Not an alternate reality but THE reality,

the land where all children are children of the King.

It calls not for a split allegiance, but when revealed, demands a choice.

 

[And, John maintains, that

the Spirit of truth will come after Jesus

and continue to lead people into the truth.

And, like Jesus, the Spirit is one with God and does nothing apart from God.]

 

As Pilate goes back and forth four times - from Jesus to the crowd

Jesus challenges Pilate to recognize the truth of true kingly power

that Jesus brings into the world.

And Pilate becomes uncomfortable.

He is torn over who to listen to, Jesus or the crowd.

And this scene is no longer an issue of innocence or guilt

but whether or not Pilate will delve into the truth or to the crowd’s demands.

Pilate never does accept the charges of the Jews,

and yet, like them, neither does he recognize the truth.

 

From John’s point of view

Jesus has been handed over to Pilate

because he has exposed the truth.

And, like the truth, he has been rejected

because he comes in and overwhelms

so much of the power that has been so firmly

and yet so inadequately established in this world.

 

Emily Dickinson describes such truth like this:

 

Tell all the Truth but tell it slant…

 

Too bright for our infirm Delight

The Truth’s superb surprise!

 

The Truth must dazzle gradually

Or every man be blind.                

 

“What is truth?” asks Pilate.

To know the truth Jesus speaks of

is not to understand and make sense of the universe.

To know the truth is to know God and be set free

to live your life in God’s goodness and peace.

 

For Jesus said, “This is the Spirit of truth, whom the world cannot receive,

because it neither sees him nor knows him.

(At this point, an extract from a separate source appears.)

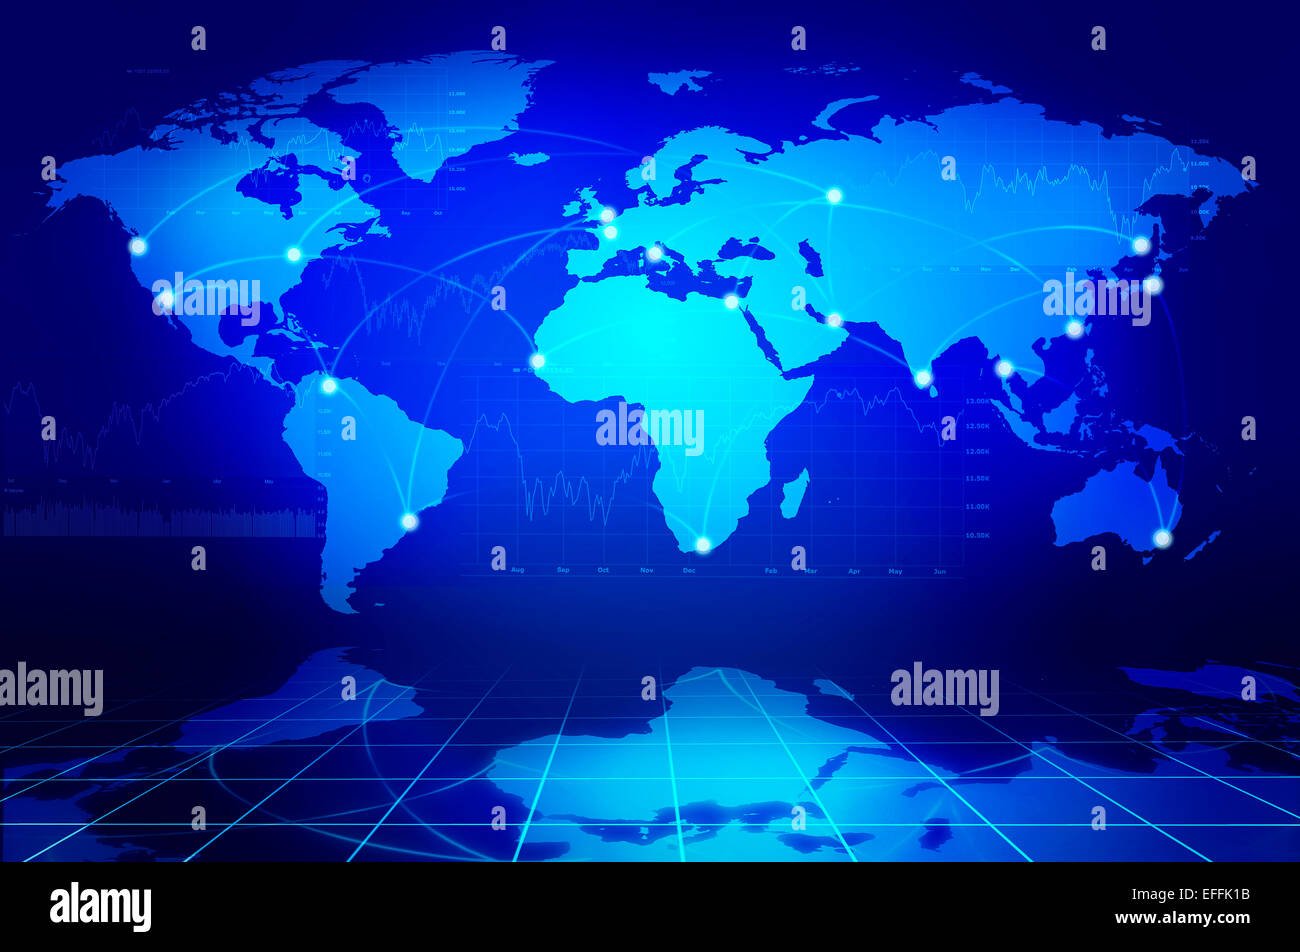 Global network concept Stock Photo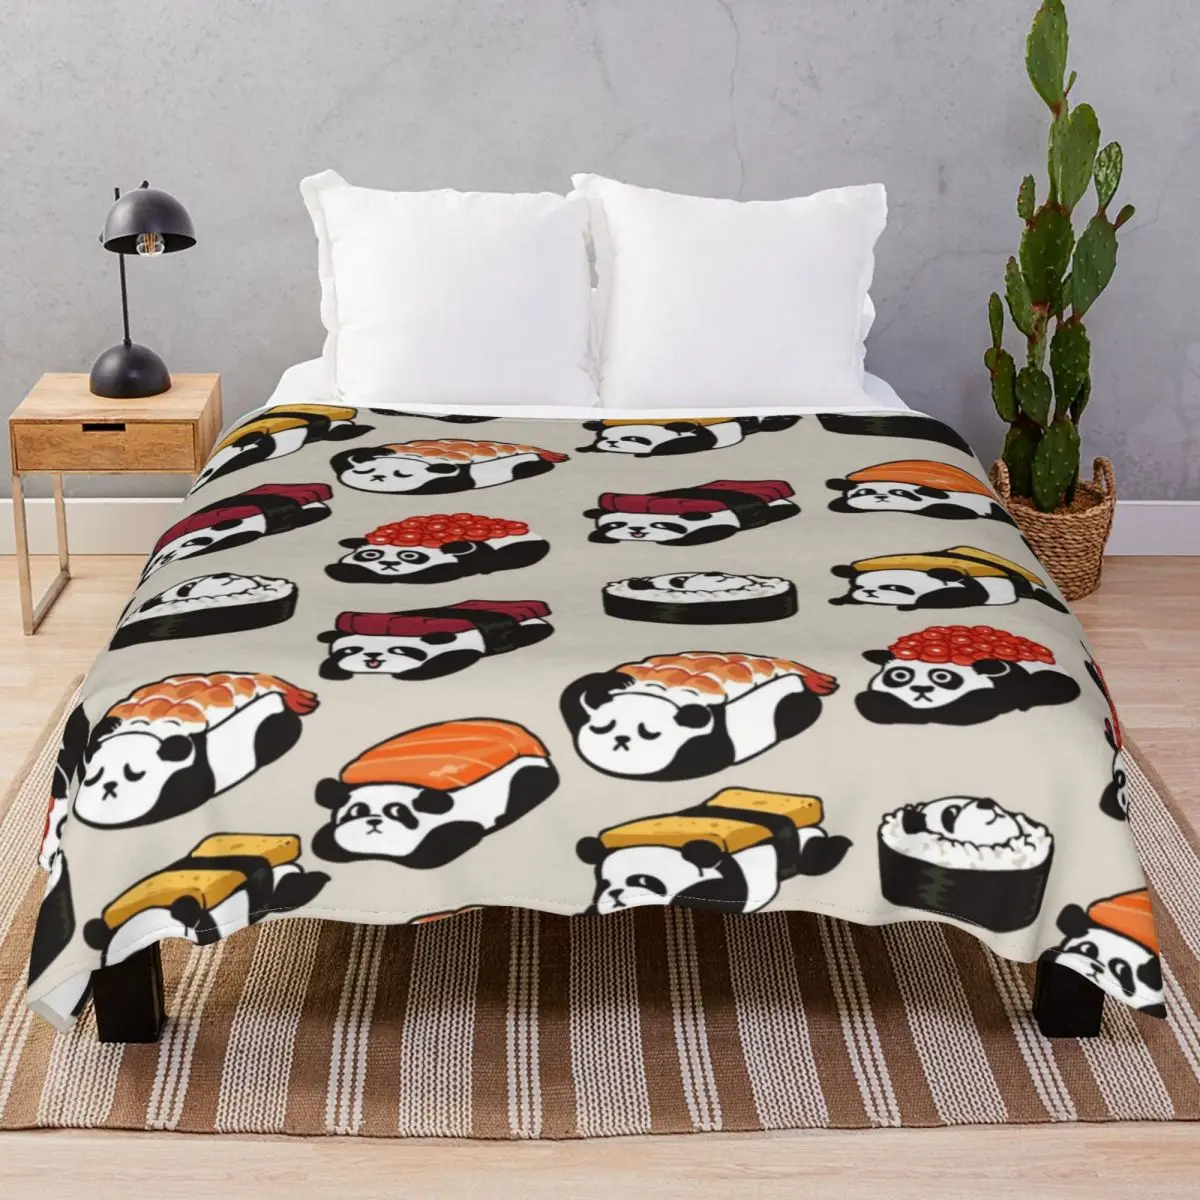 SUSHI PANDA Blanket Flannel Textile Decor Super Soft Throw Blankets for Bedding Home Couch Camp Cinema

You know him, because he abides with you and he will be in you.”

 

The truth of God is everywhere!

It is the Real Reality that dazzles the lesser realities of our making.

And it is always right with you - to be known and received.

 

It is in quiet prayer and companionship with God -

if we’ll get still and soften up and settle into God’s presence.

It is in working in the soup kitchen as our youth did yesterday -

if they looked for Christ in the faces of those they served

and were open to God’s presence.

It is in an old man offering to be mother to an orphaned boy

if the boy will chance opening up to the unknown.

 

[What is truth for you?

However the truth of God’s presence appears before you,

You may go back and forth between what God offers

and what your world demands.

Let’s not be like Pilate and get hung between the two.